“Making a Stephen King’s story into a Southwest Folktale” by Richard Thompson

Making a Stephen King’s Story Into a Southwest Folktale.
The motivation behind my project is to shoot a story that holds personal importance to me as it was one of the first short stories I had read as a youth from my father’s library of books. I have always been a reader, and this story, about how important stories are to people, despite – or due to – the voice telling them, has held a lasting hold onto how I have been a storyteller for the entirety of my life. After being granted the ability to shoot this film, I found something that I could honor to the author, to myself, to those who work on it, and to the audience.
My plan to film this short has already begun and will proceed as I am determined, and I have been fortunate to have worked tirelessly with so many artists – both on stage and on screen – in my region that I am confident in the support I can find.

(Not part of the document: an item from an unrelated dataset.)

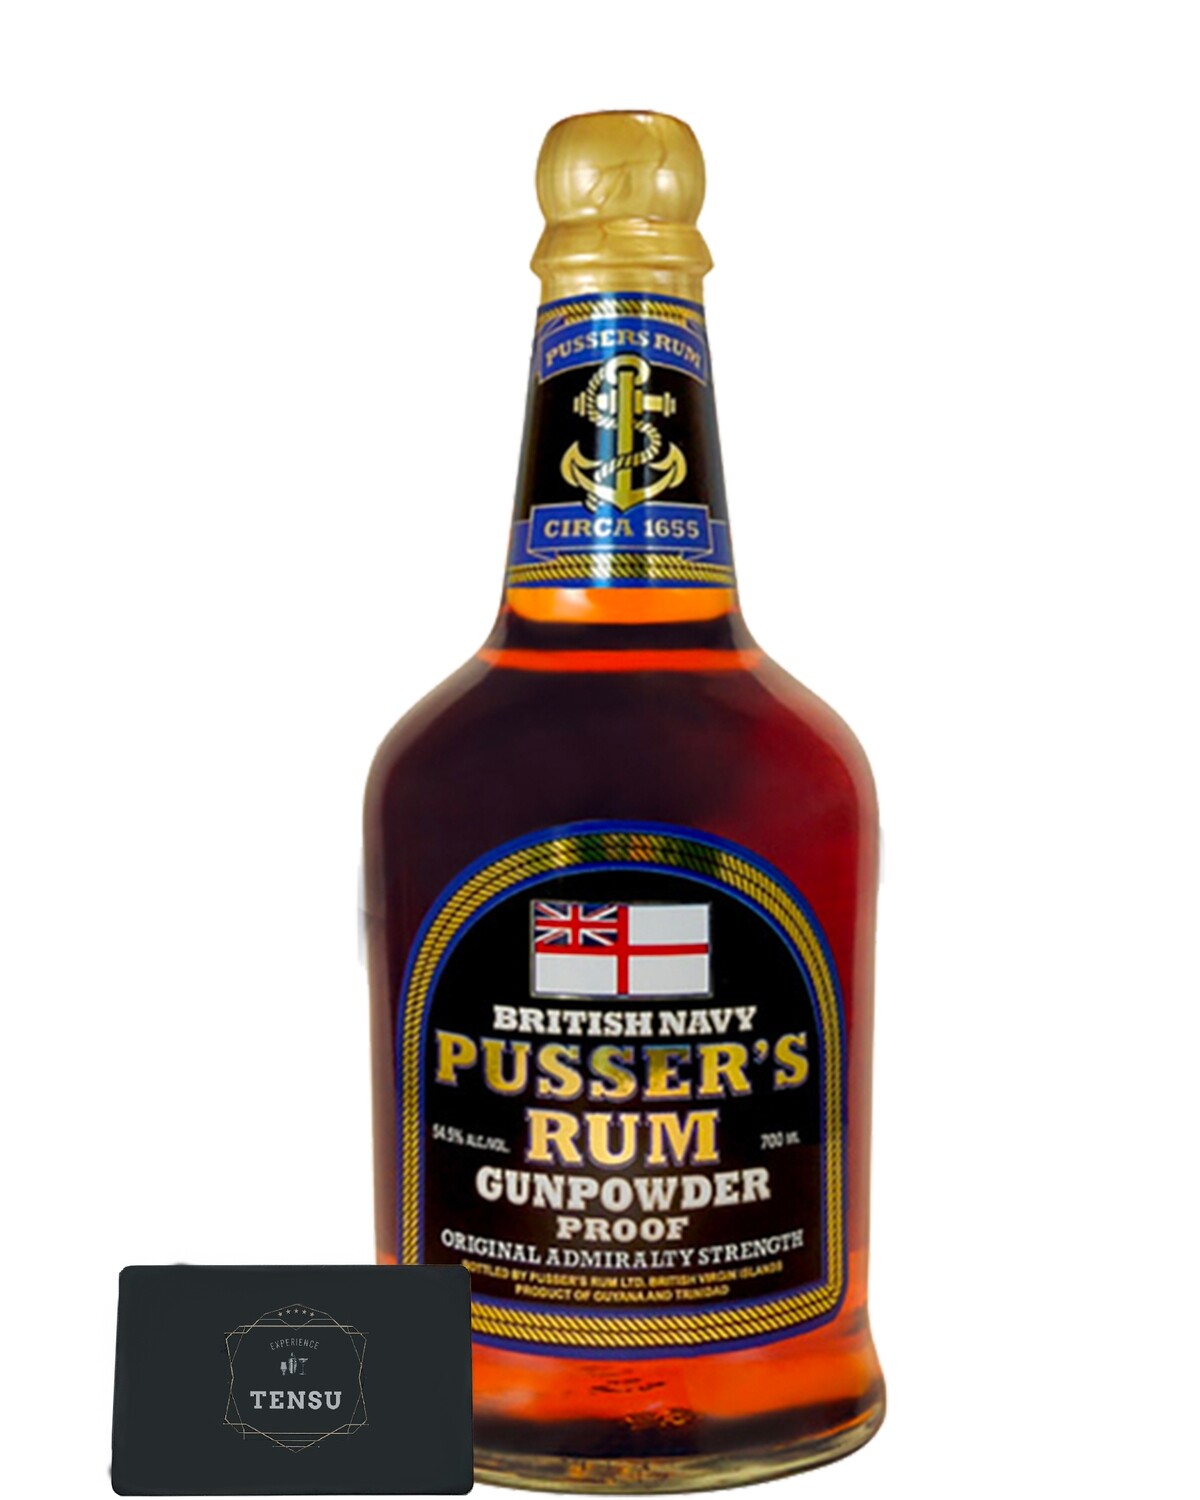 Pusser's Rum Gunpowder Proof 54.5 "OB"
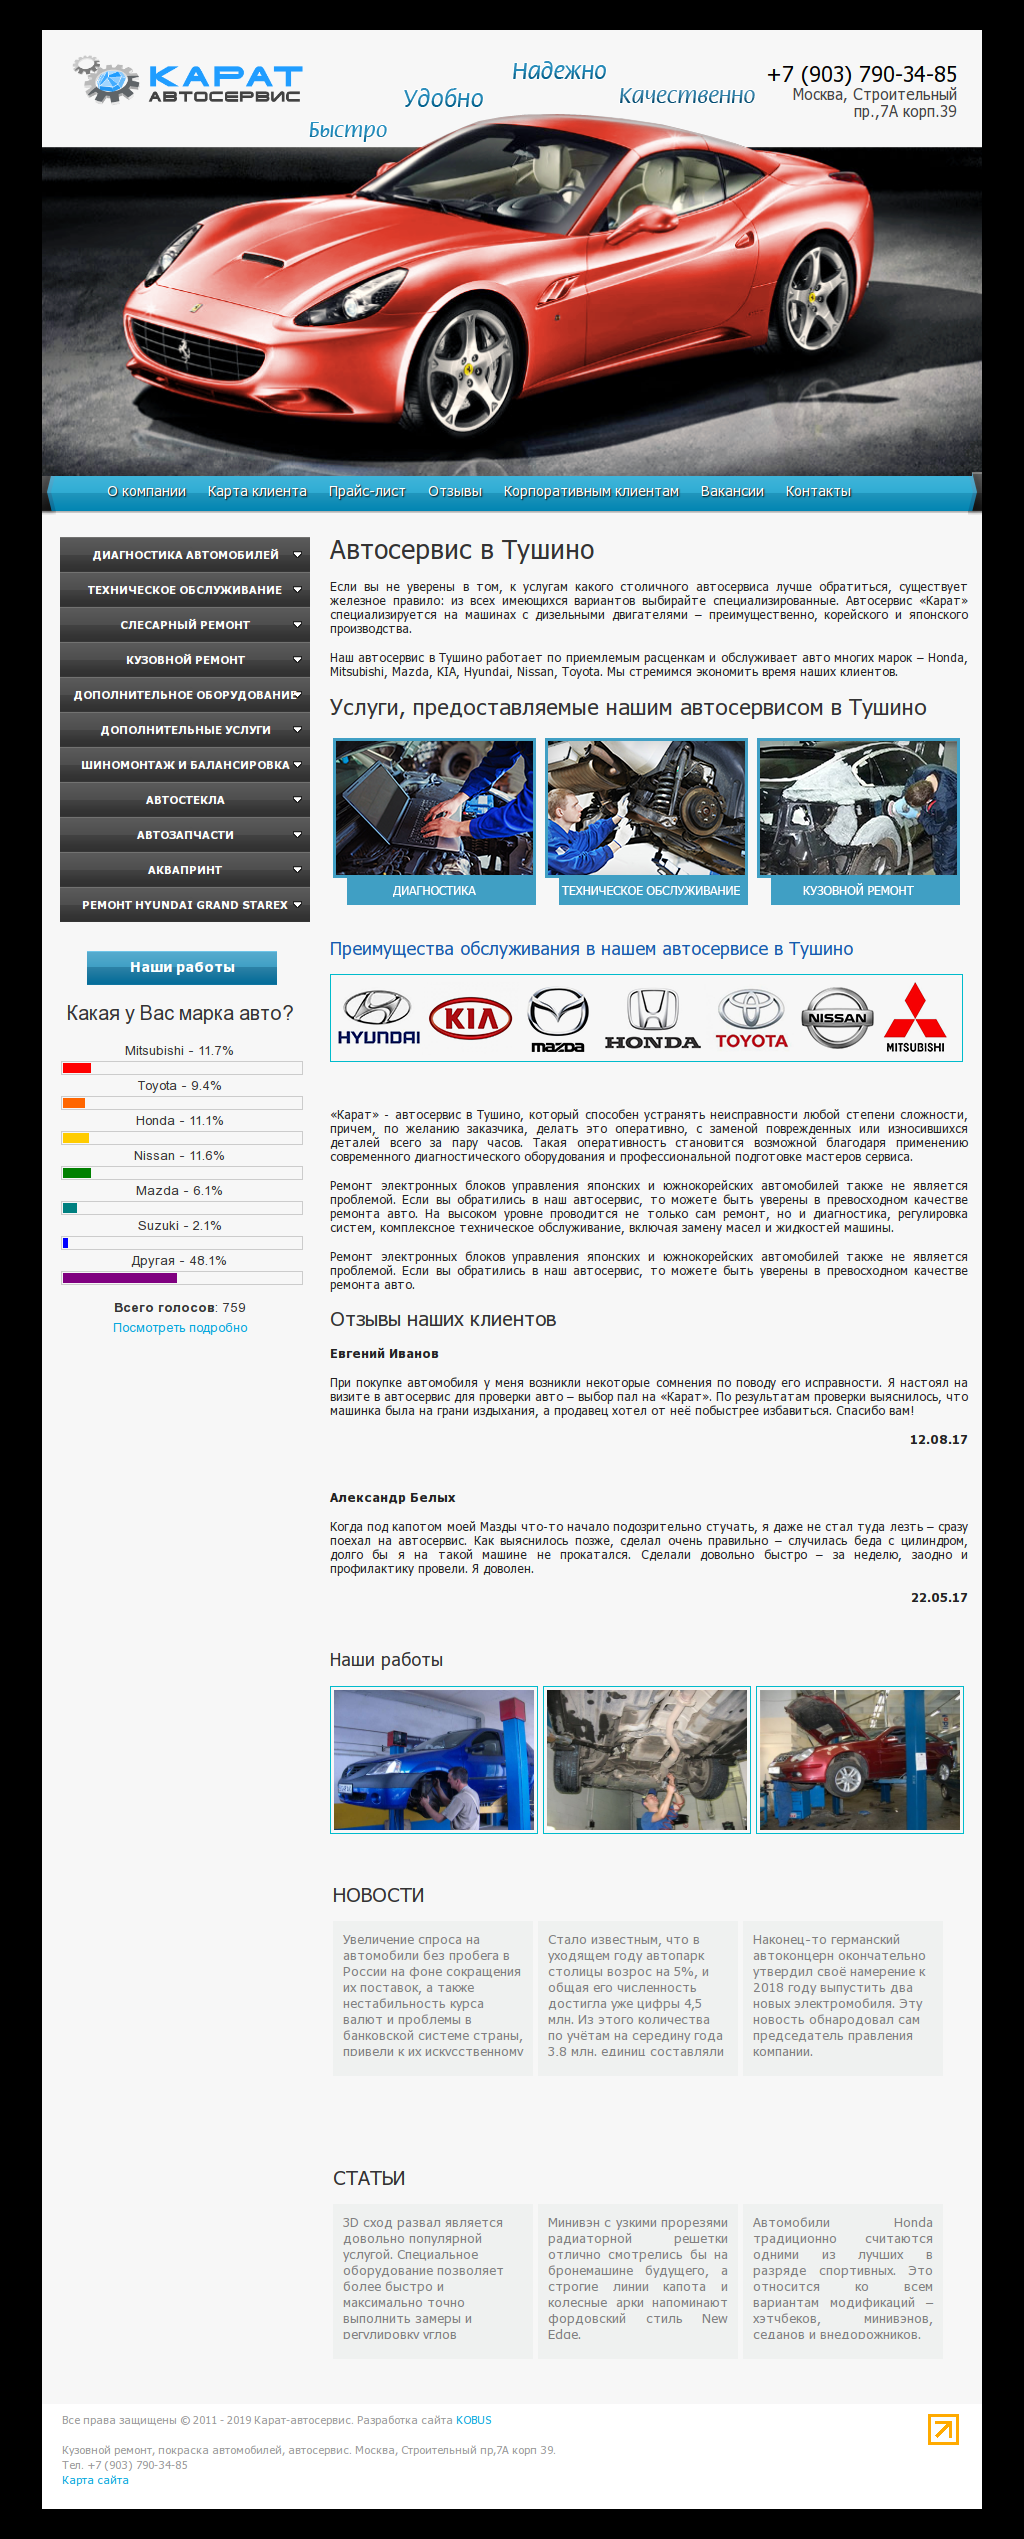 Web Design of Auto Repair Center KARAT Car Service

I have been blessed with years of stage work from the beginnings of community theater to being able to work within the largest equity theater in the state – not just as an actor, but as a learned director, crewmate, and team member.
My plan includes working with local establishments and scenic areas in the region finding ways to mitigate production costs through in-kind work trades (filming commercials for establishments in lieu of payment and working on other projects for other filmmakers that join the production for instance), reaching into my rolodex of professional actors, G&E crew, and production companies (including Chosenfilmproductions) to fill in any production gaps with equipment, resources, and insights for streamlined production, and finally, refining a robust pre-production plan for which a 6 day max shooting schedule can be completed that fits with the incredible working actors and crew that believe so much in me that they want to work on this project for which has no commercial ability, but instead will promote a quality filmmaking production from a widely known author.
My artistic vision is shaping the core elements of the story for which has been adapted to be filmed as a ‘Southwest Folk Tale’, that not only carries a strong cast of people of color, but employs a diverse cast of talented members of the community that highlights a more truthful take of the southwest than what decades of myopic perspectives had maligned by pretending the early wild west was filled only of John Wayne cowboys and non-descript Indians. Following a cinematic structure that combines Ari Astor’s ‘Hereditary’ and P.T. Anderson’s ‘There Will be blood’, my vision is creating a slow burn tale of PTSD and war in a post-civil-war southwestern town that will – ideally – not only tell a heartbreaking story of solitude and trauma, but provide insight into how diverse, multicultural, and black the southwest – as we have been taught – truly was.